The title seems almost a misnomer in The Danish Girl, director Tom Hooper's thoroughly English bio-drama of groundbreaking transgender figure Lili Elbe and the artist wife who stood by her husband Einar Wegener throughout his long and difficult transition to live as a woman. The correctness and careful sensitivity of the film's approach seem somehow a limitation in an age when countless indie and cable TV projects dealing with thematically related subject matter have led us to expect a little more edge. But if the movie remains safe, there's no questioning its integrity, or the balance of porcelain vulnerability and strength that Eddie Redmayne brings to the lead role.

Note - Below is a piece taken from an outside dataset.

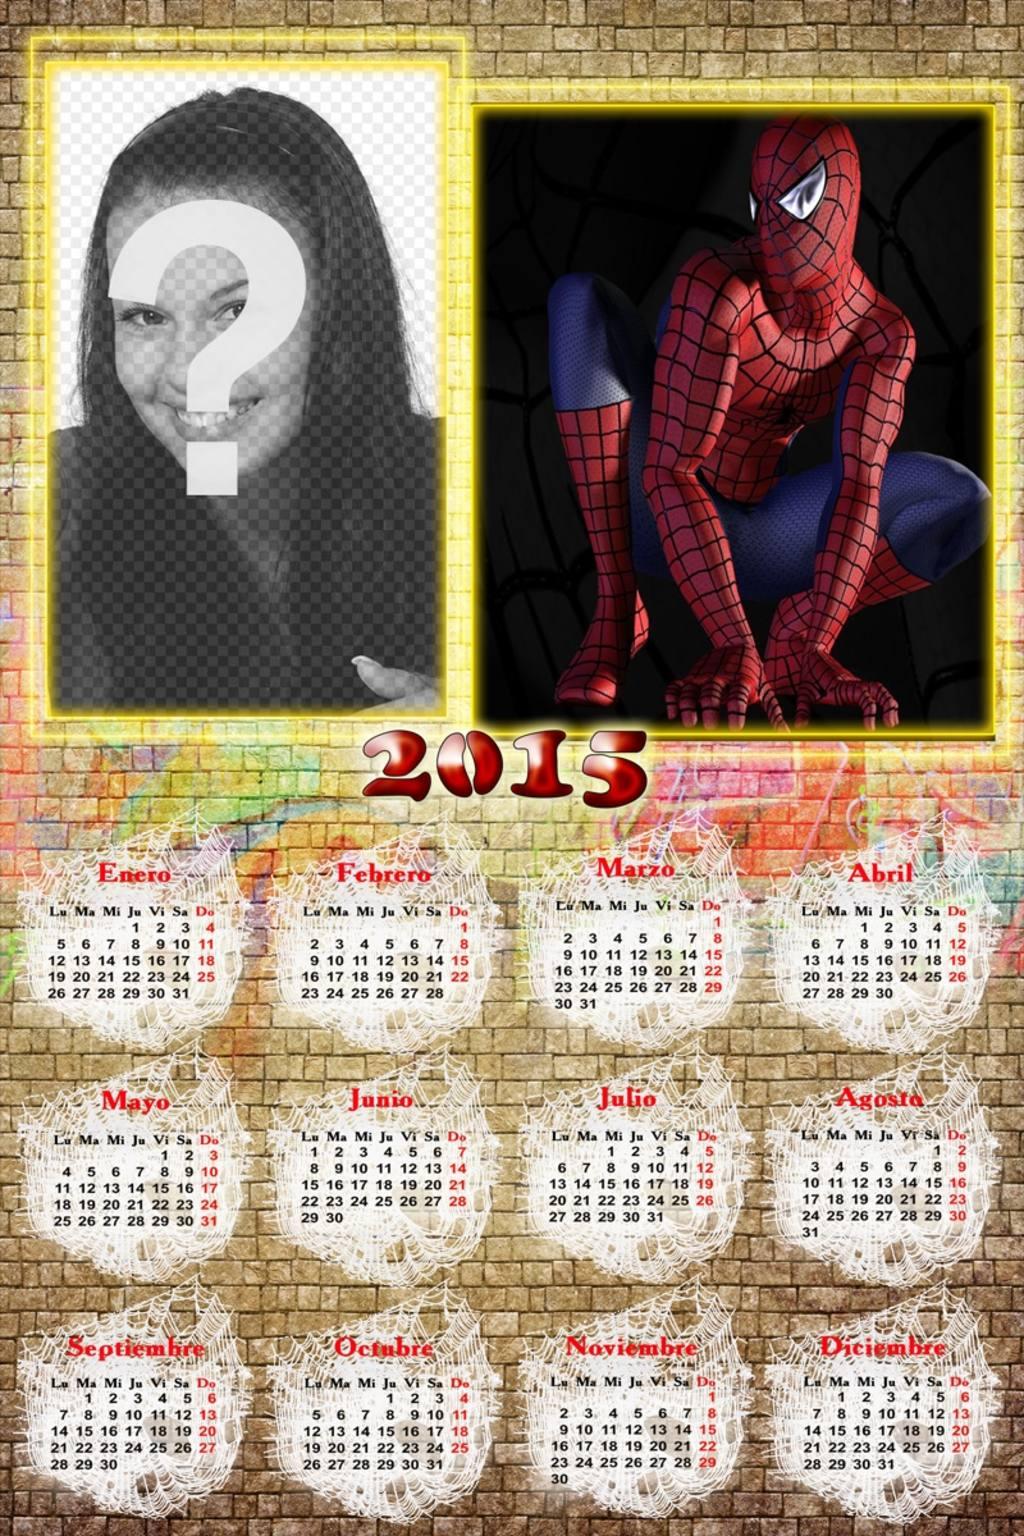 calendario 2015 spiderman foto justo lado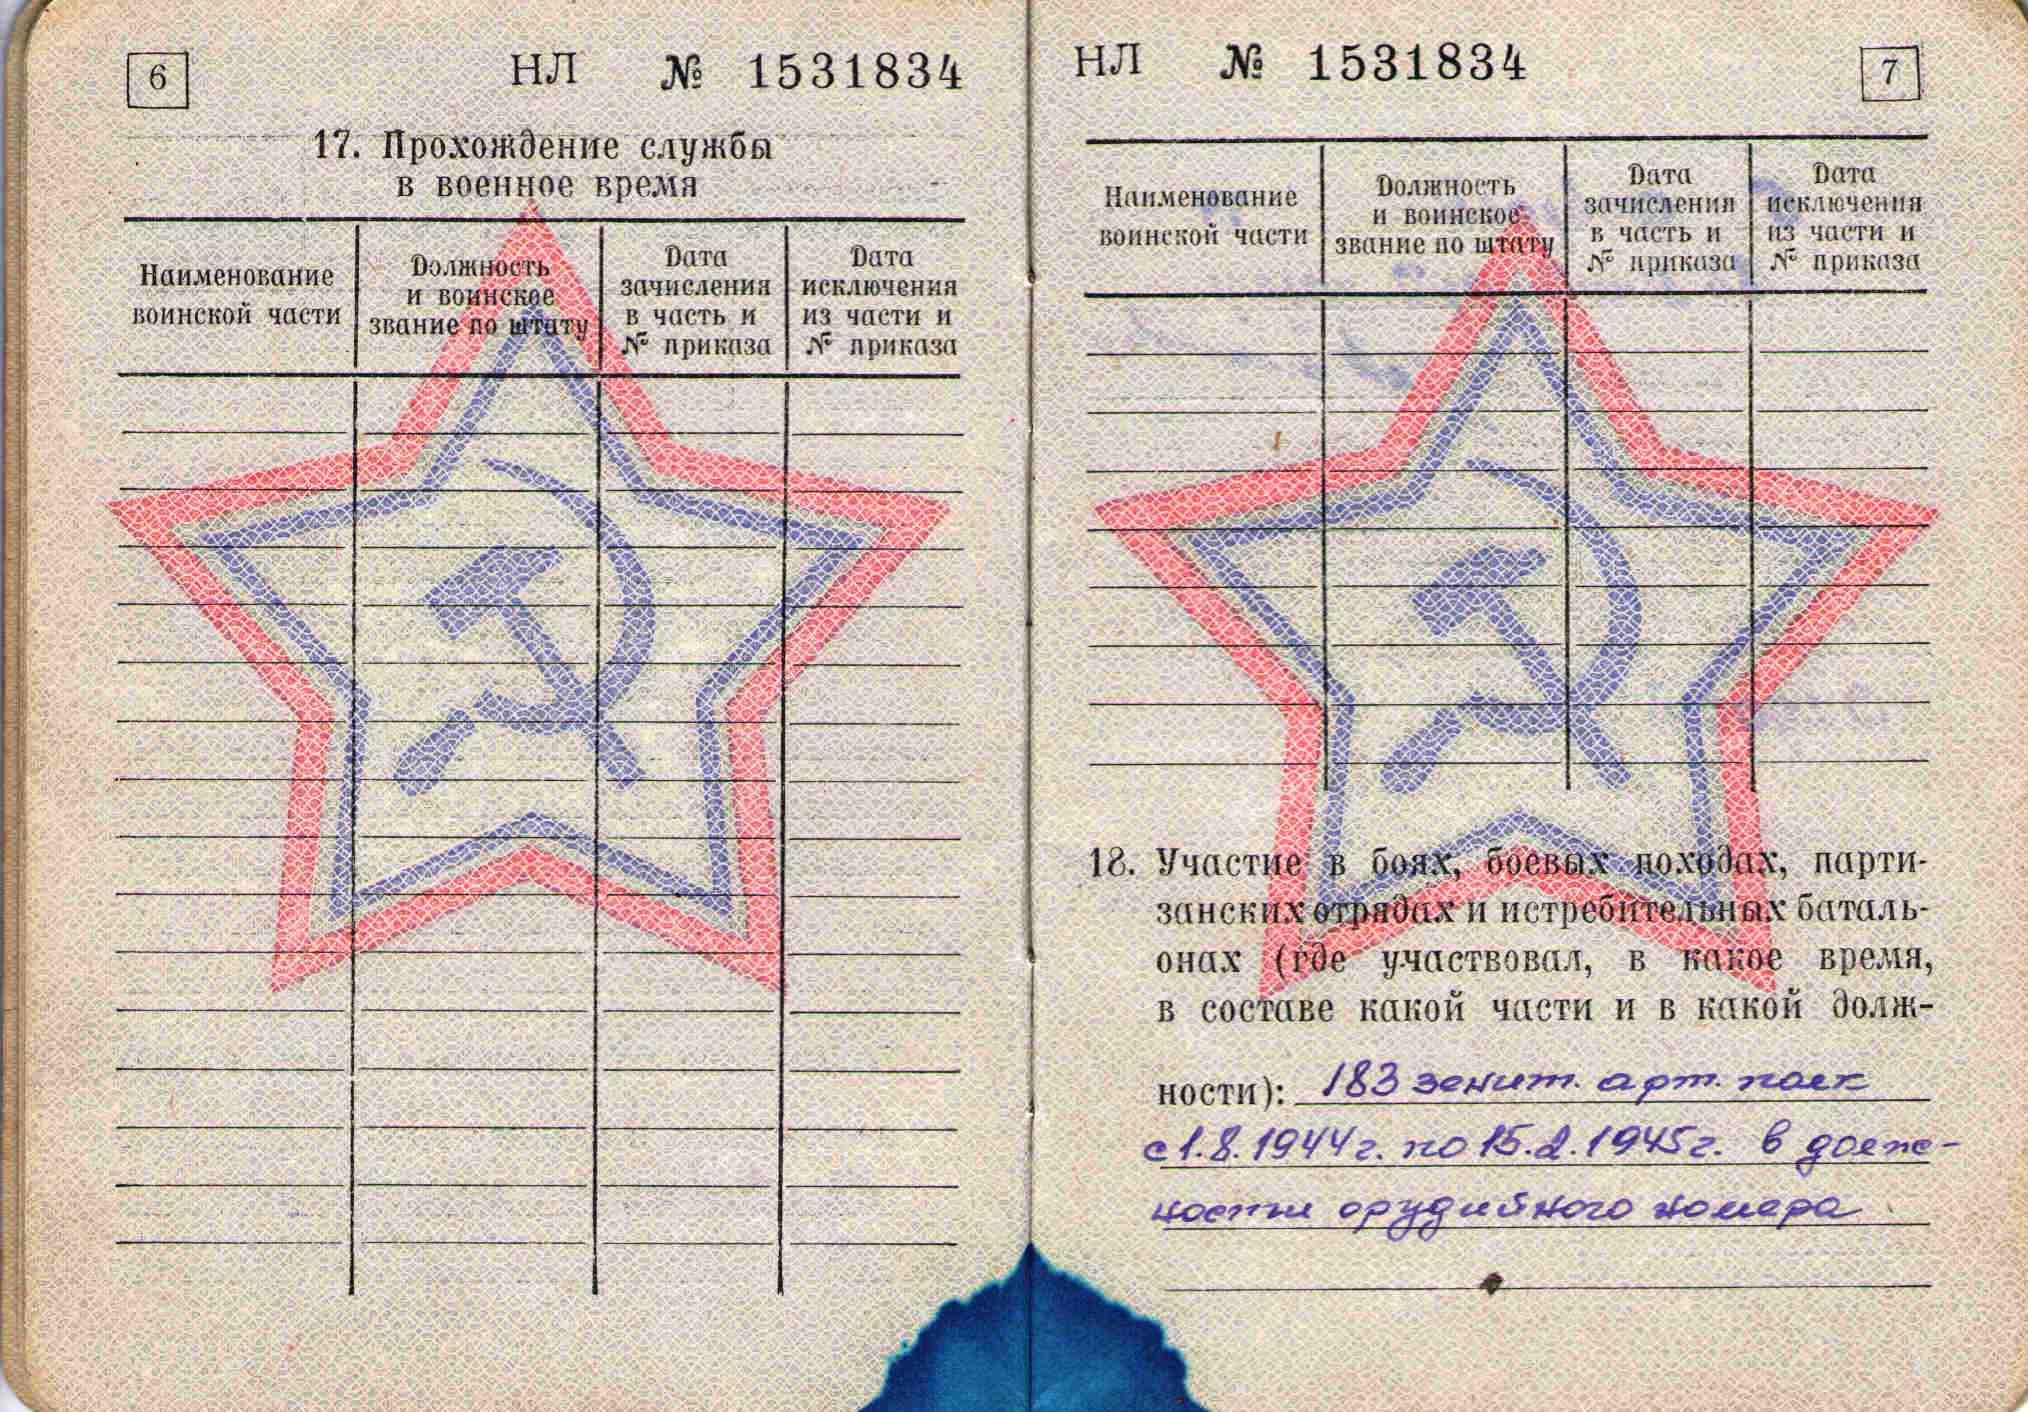 31. Военный билет, 1964

Leaving aside complaints in the LGBTQ community about the lack of authenticity or courage in having a cisgender actor portray transgender experience, the film's reluctance to shock or offend will no doubt boost its appeal for middlebrow art house audiences. As will Focus Features' inevitable awards push around the Nov. 27 U.S. release.

Adapted by Lucinda Coxon from American novelist David Ebershoff's partly fictionalized account of Elbe's life, published in 2000, the film begins in Copenhagen in 1926, six years after Wegener's marriage to Gerda (Alicia Vikander). He's an in-demand landscape painter, while she's struggling to gain a foothold in the art market with her undistinguished portraits.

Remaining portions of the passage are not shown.